= Birmingham Film Society =

The Birmingham Film Society was a film society established in Birmingham, England in 1931 to give local audiences "the opportunity to see films of importance… which they ordinarily find difficult or impossible to see."

Its founders were two Birmingham City Council clerks, one of who was Stanley Hawes, who would later become a notable film producer and director. Its first screening took place on 18 January 1931 at the Hampton Cinema on Livery Street, near Snow Hill station. It later moved to the West End Cinema in Suffolk Street, and then the Scala on Smallbrook Street. The society was very popular - by 1934 it had 543 members; by 1939 this had increased to 738.

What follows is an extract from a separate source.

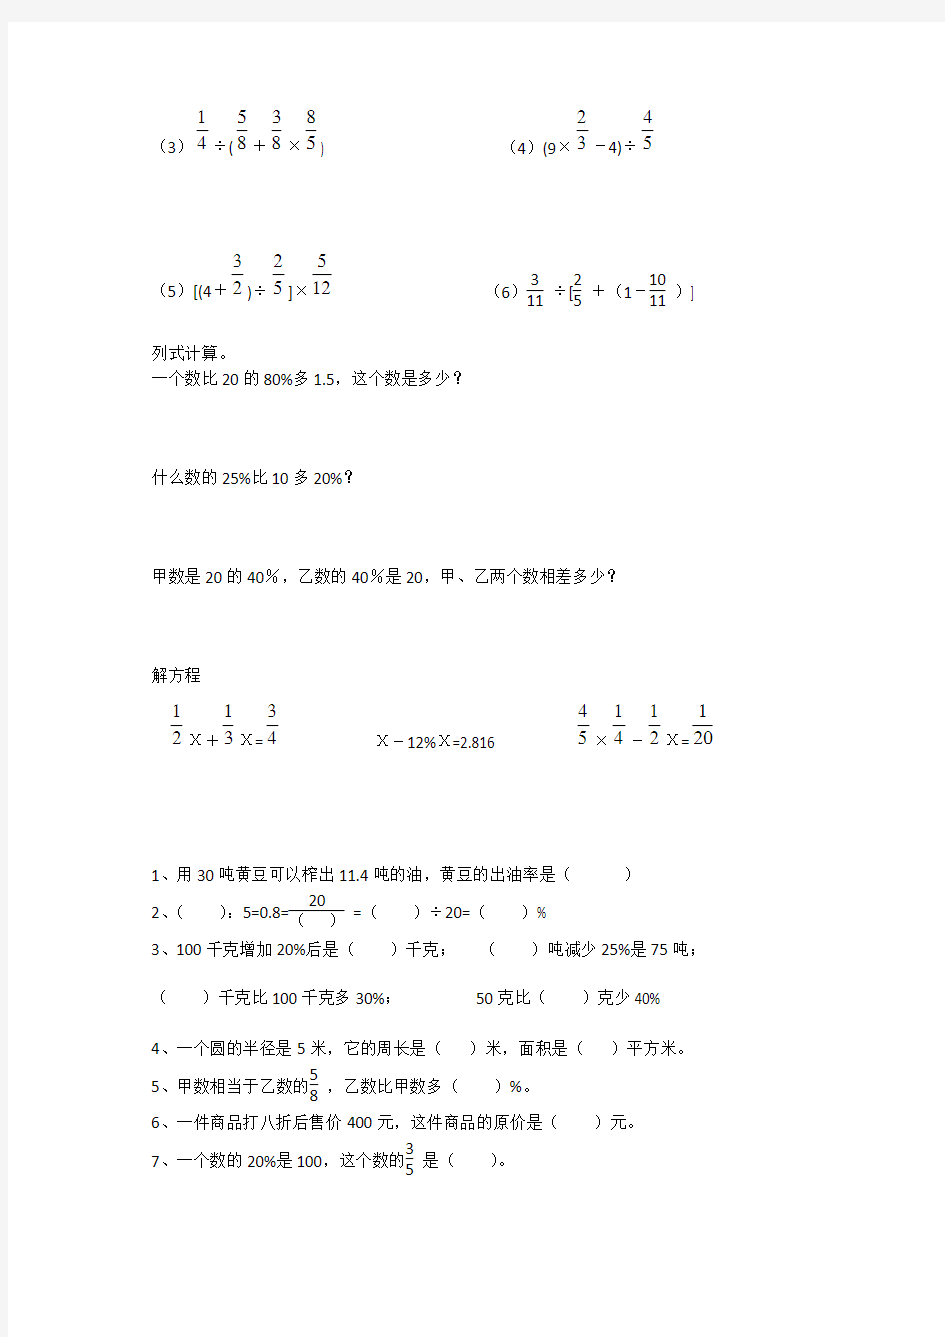 苏教版小升初数学专项练习-填空、计算题(新审定)

The Film Society was an important meeting point for the artistic and literary circles of 1930s Birmingham. The author Walter Allen noted that "It was in the Film Society more than anywhere else that young artists came together". Members included E. R. Dodds and Philip Sargeant Florence who were both presidents of the society.

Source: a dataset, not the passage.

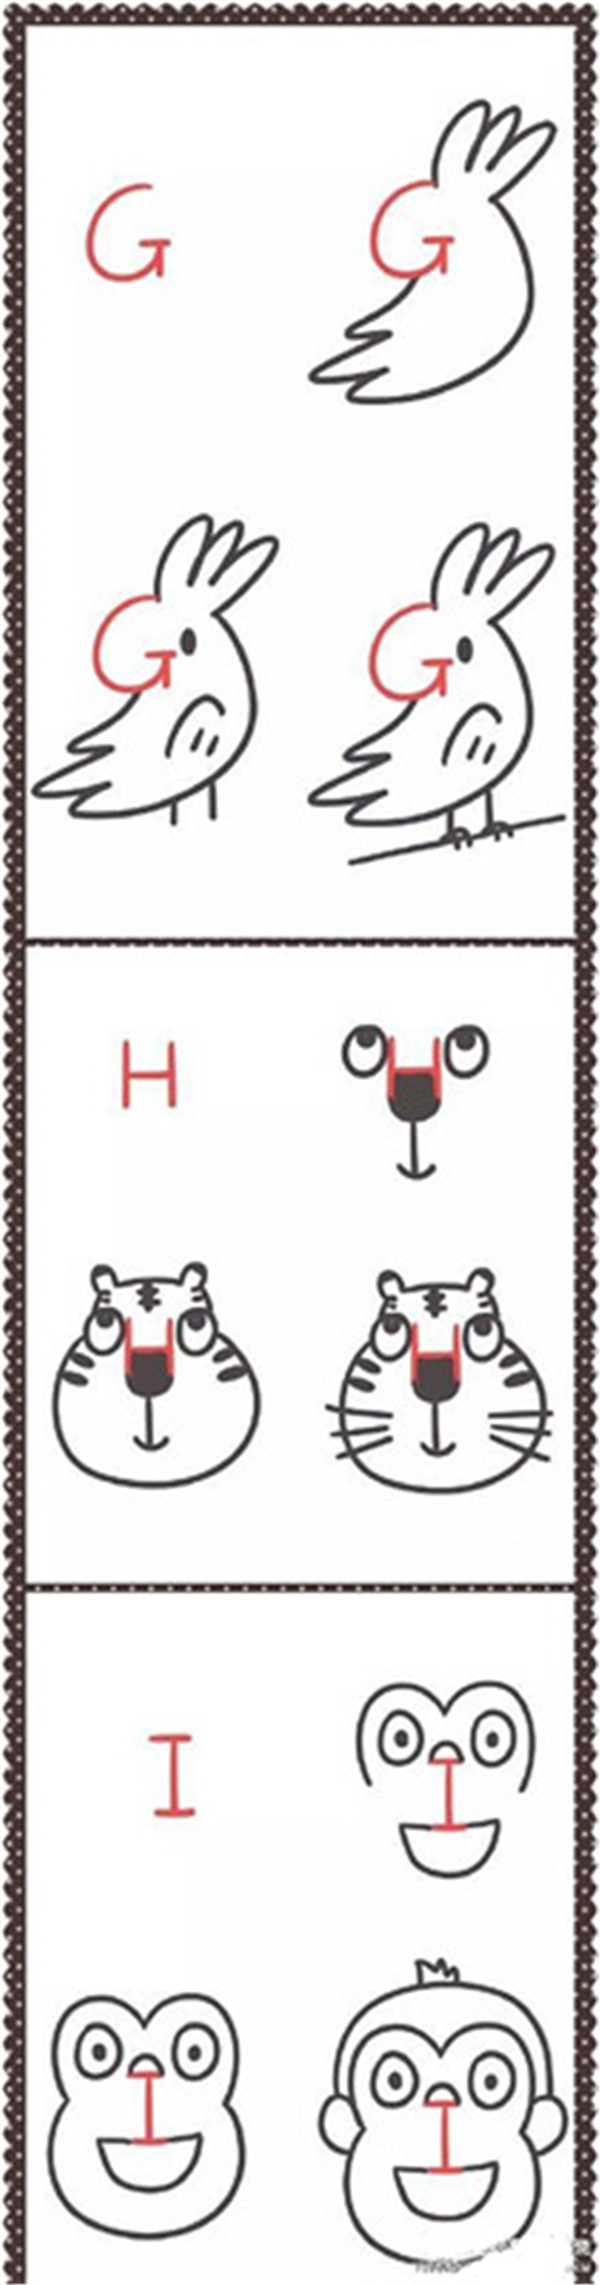 教你用字母画出小动物简笔画

Conroy Maddox described the importance of the society to the Birmingham Surrealists: "Evenings were spent in talk with Robert and John Melville, the poet Henry Reed (poet), and Dorothy Baker. On Sundays we would go to the Film Society and saw for the first time the works of Eisenstein, Cocteau, Pudovkin, Fritz Lang and others. Afterwards we would talk either about the film or more imaginatively."